» **ASSIGNMENT**
The following data is to be repeated exactly, its pictures excluded.

» **RECORDED DATA**
○ ○ ○ ○ ○ ○ ○

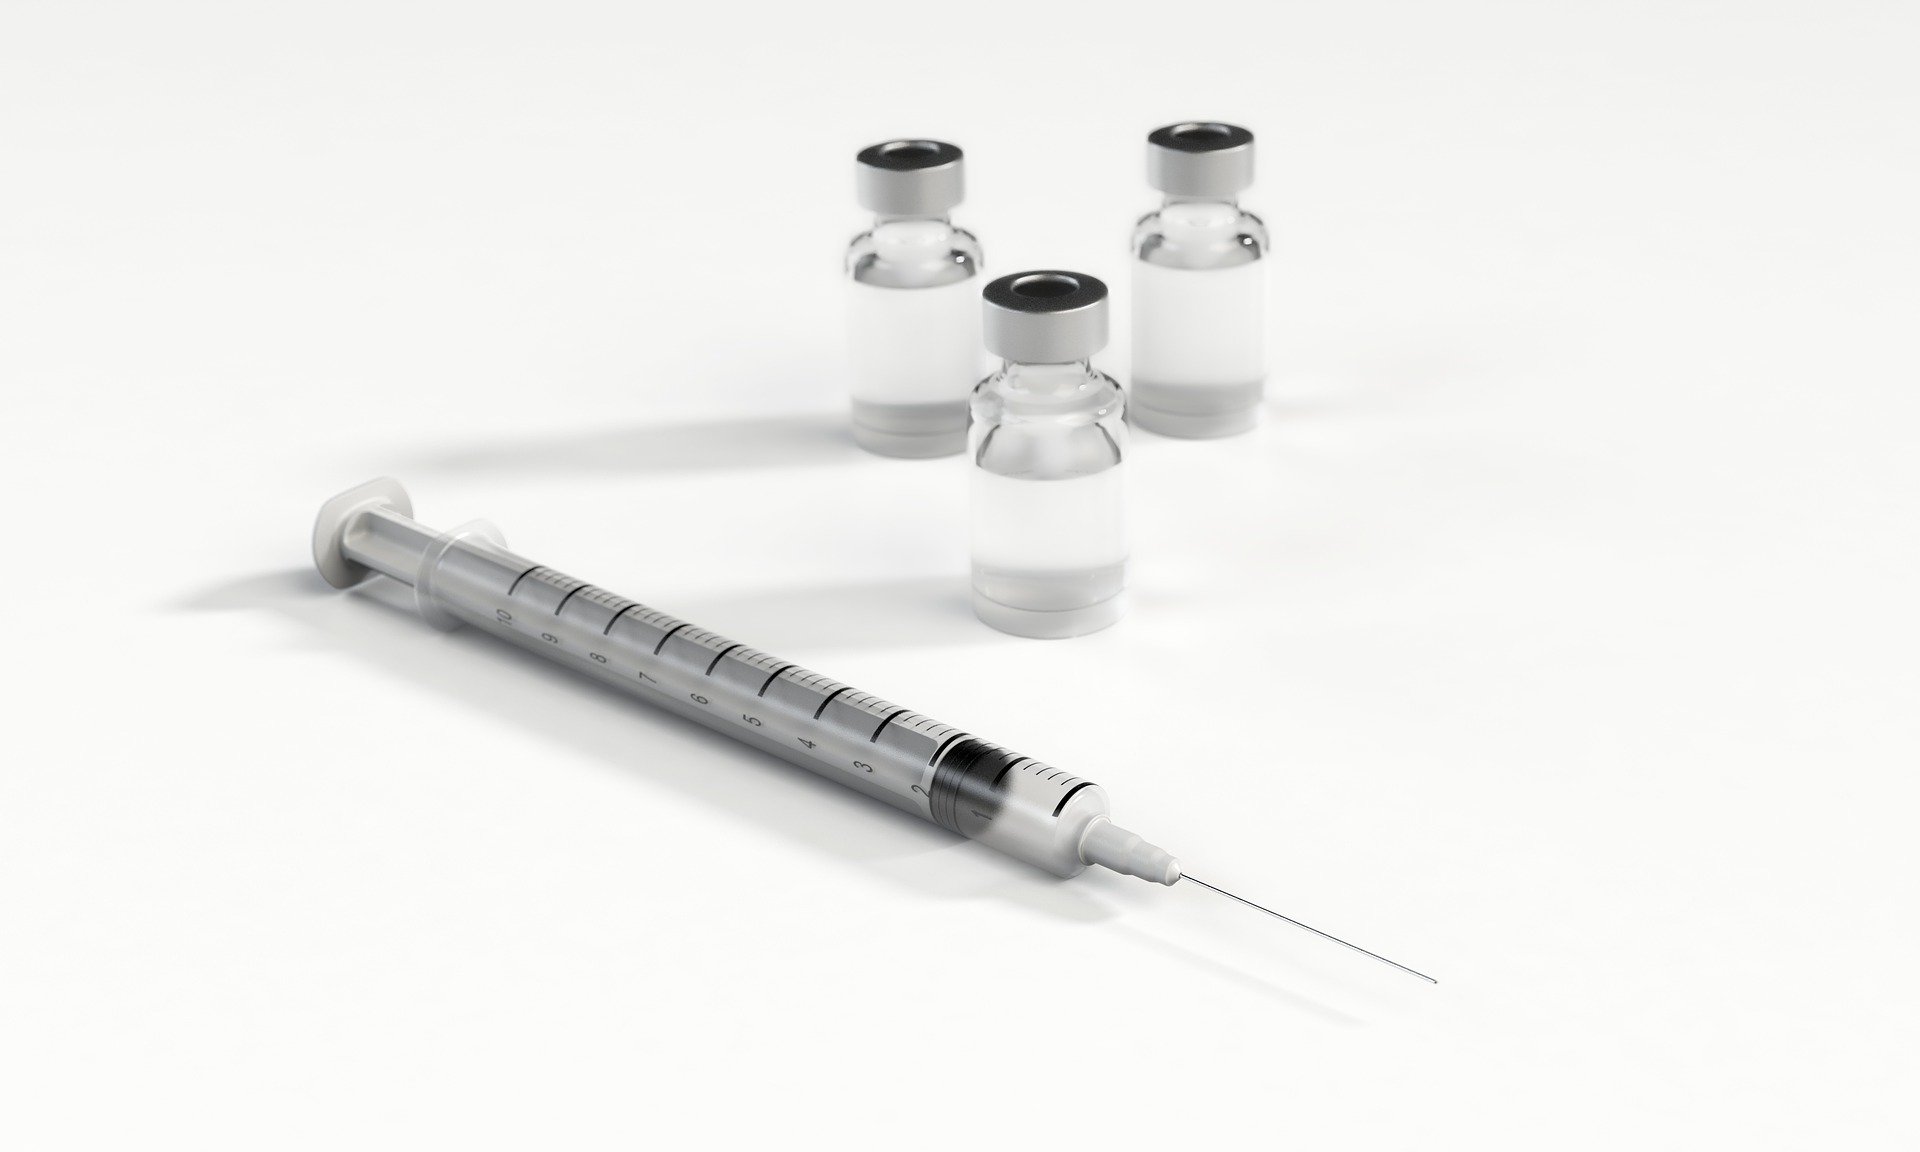 La baisse de livraison des vaccins n'aura ps de répercussions sur les secondes vaccinations programmée. Image par Arek Socha de Pixabay
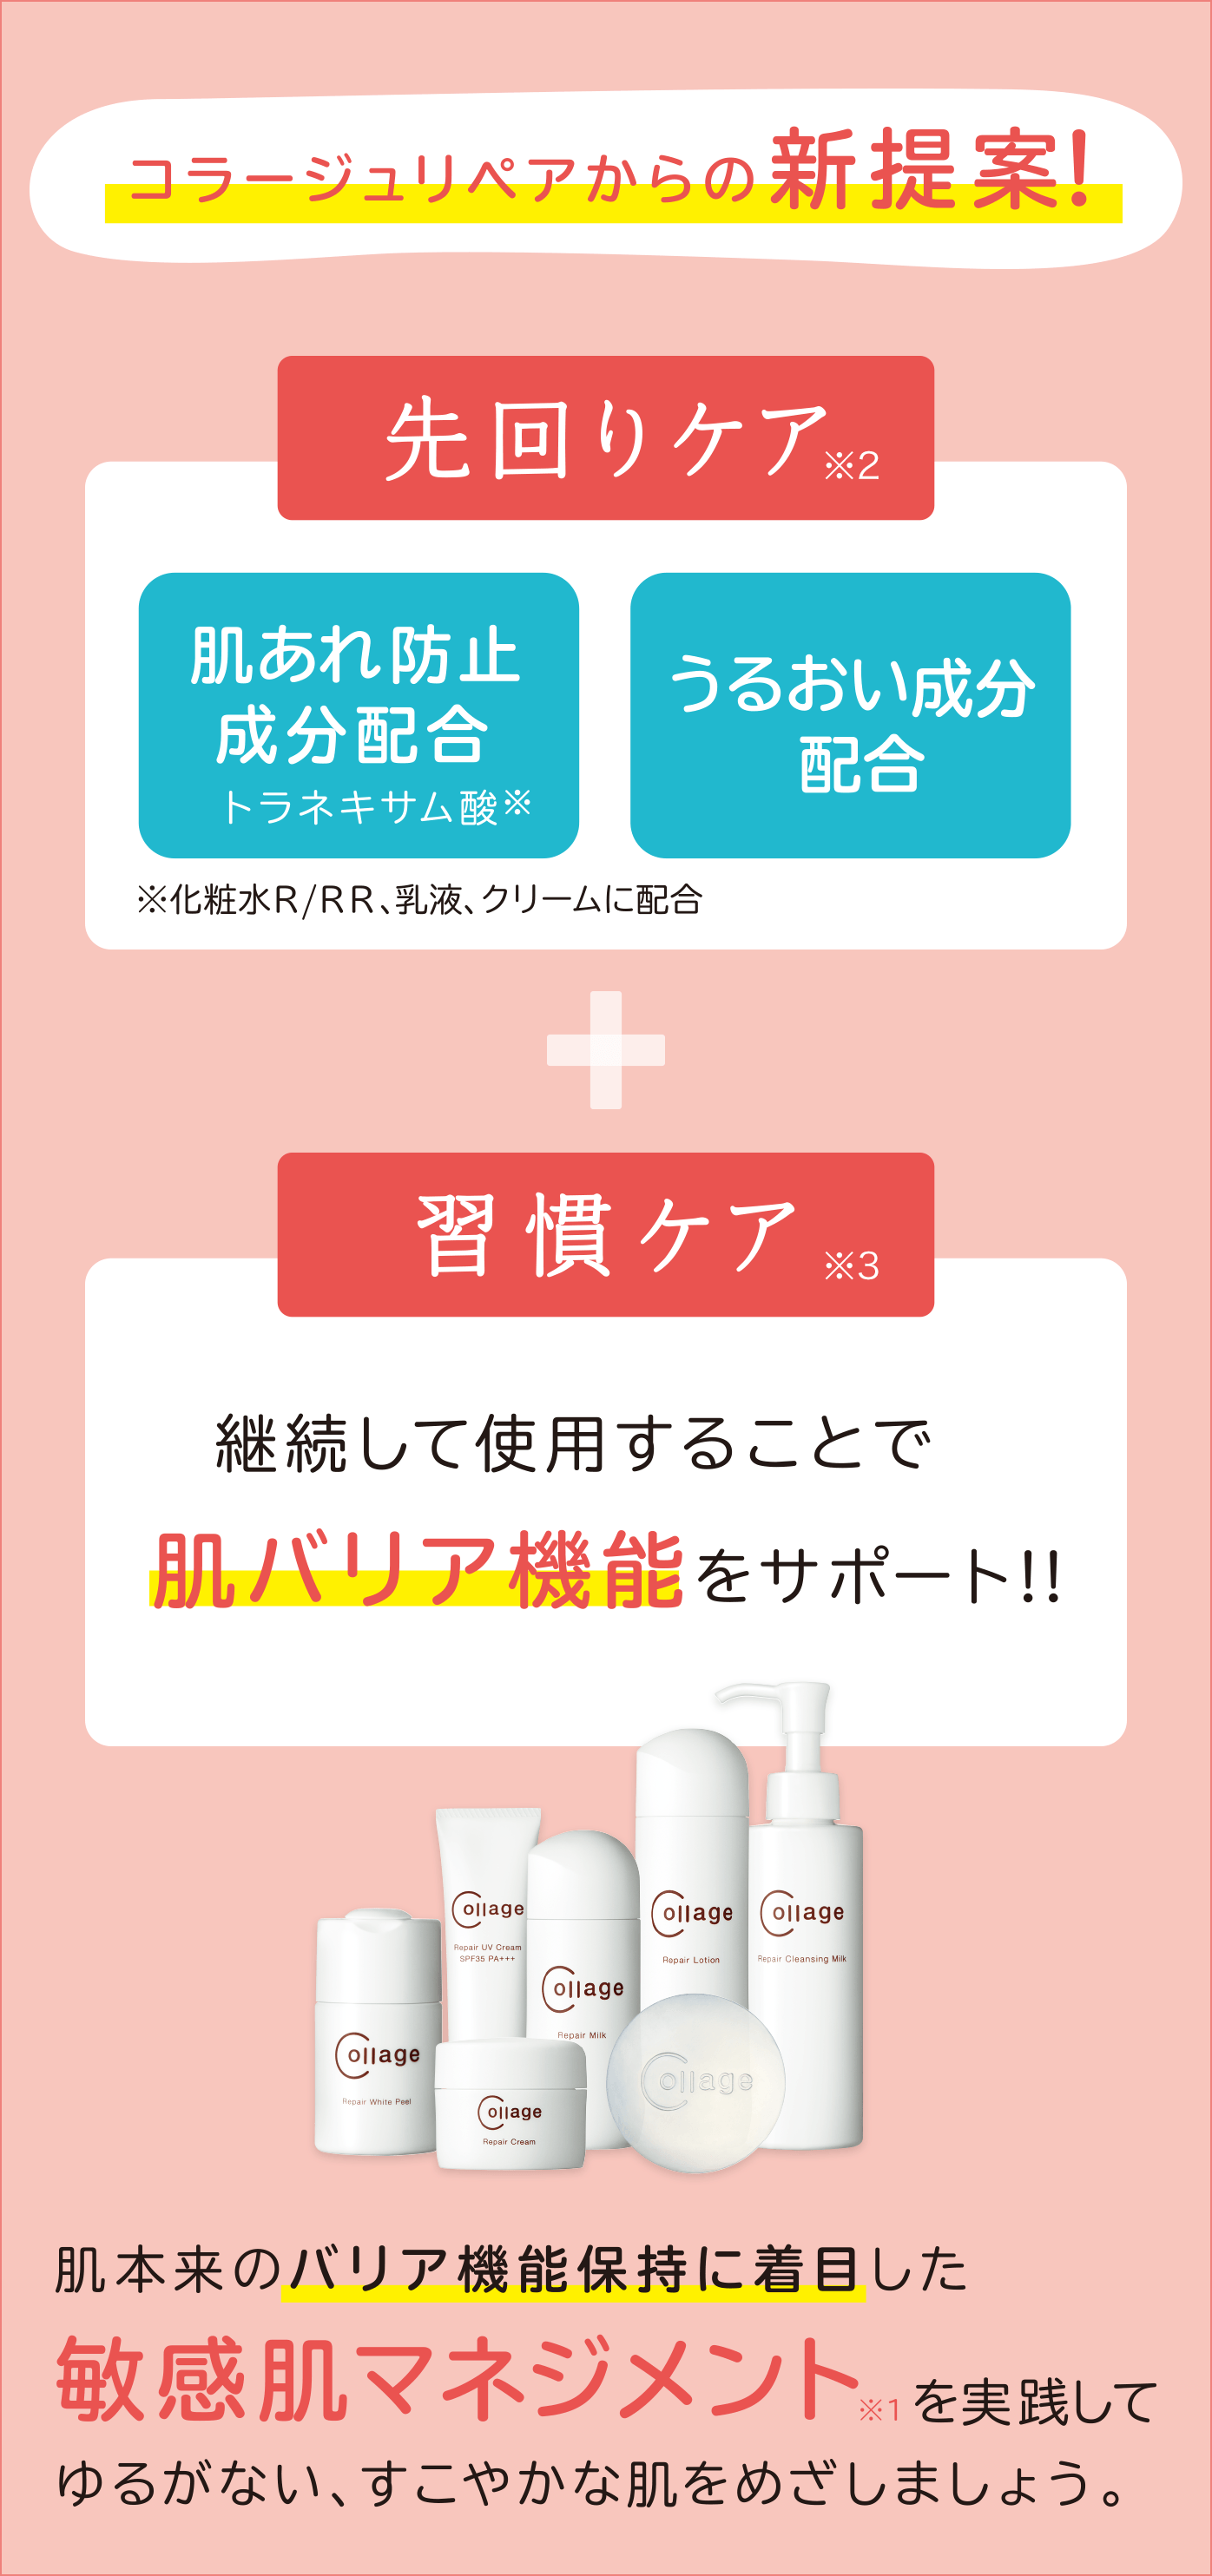 コラージュリペア化粧品|【公式】持田ヘルスケアのオンラインショップ
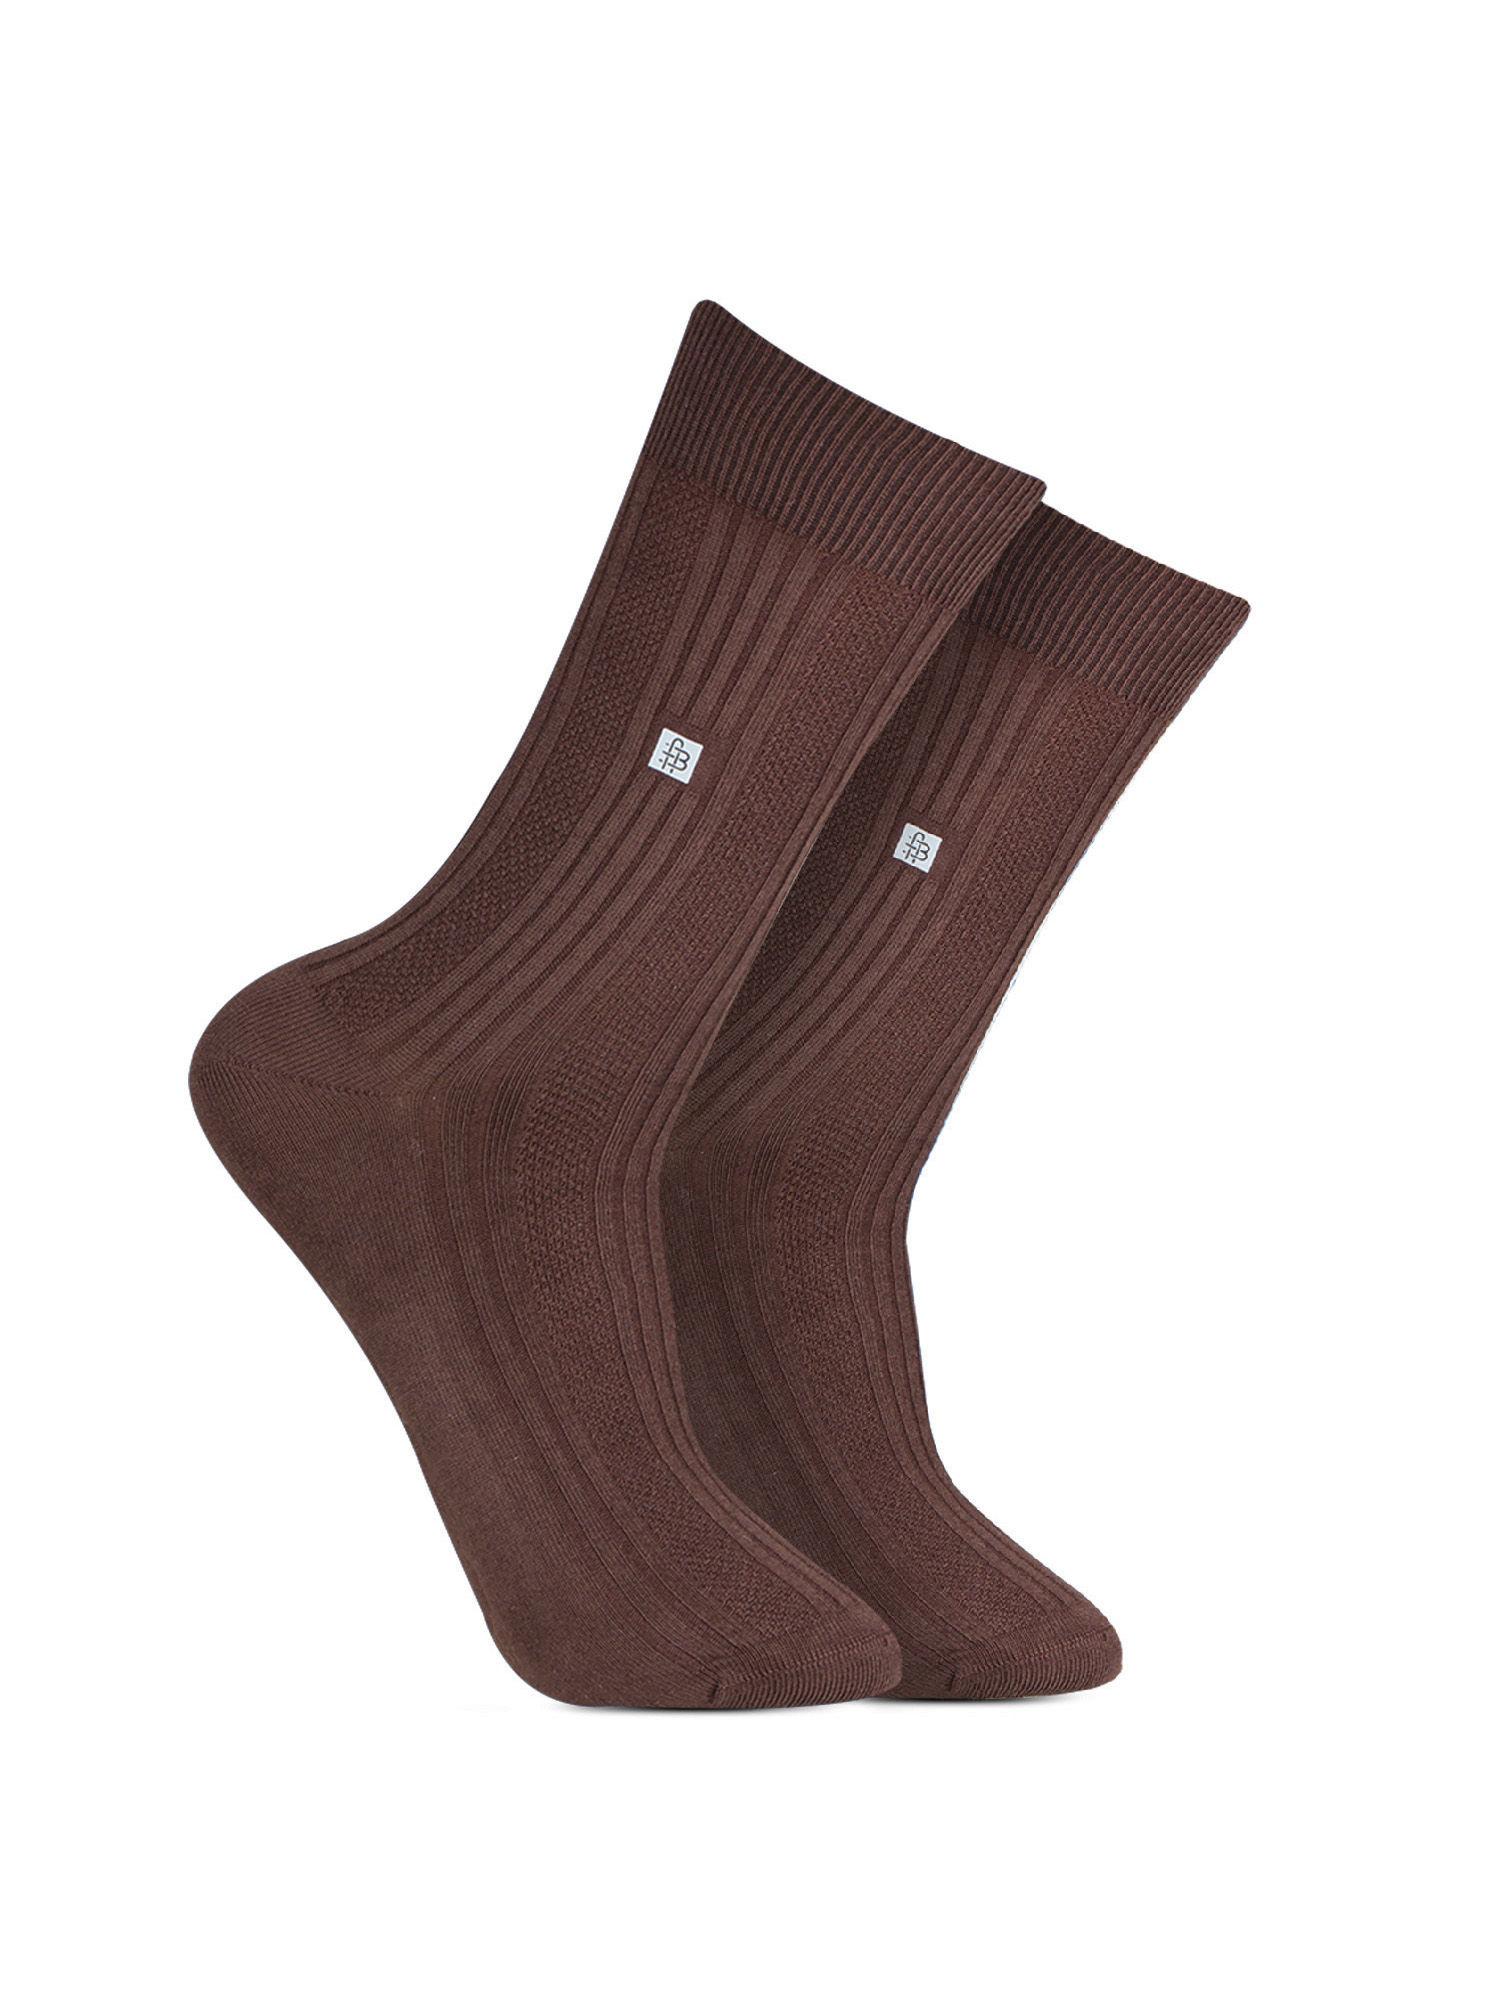 cosmic ribbed formal socks - brown

○ ○ ○ ○ ○ ○ ○

» **EXERCISE SOLUTION**
 La baisse de livraison des vaccins n'aura ps de répercussions sur les secondes vaccinations programmée. Image par Arek Socha de Pixabay
 コラージュリペア化粧品|【公式】持田ヘルスケアのオンラインショップ
 cosmic ribbed formal socks - brown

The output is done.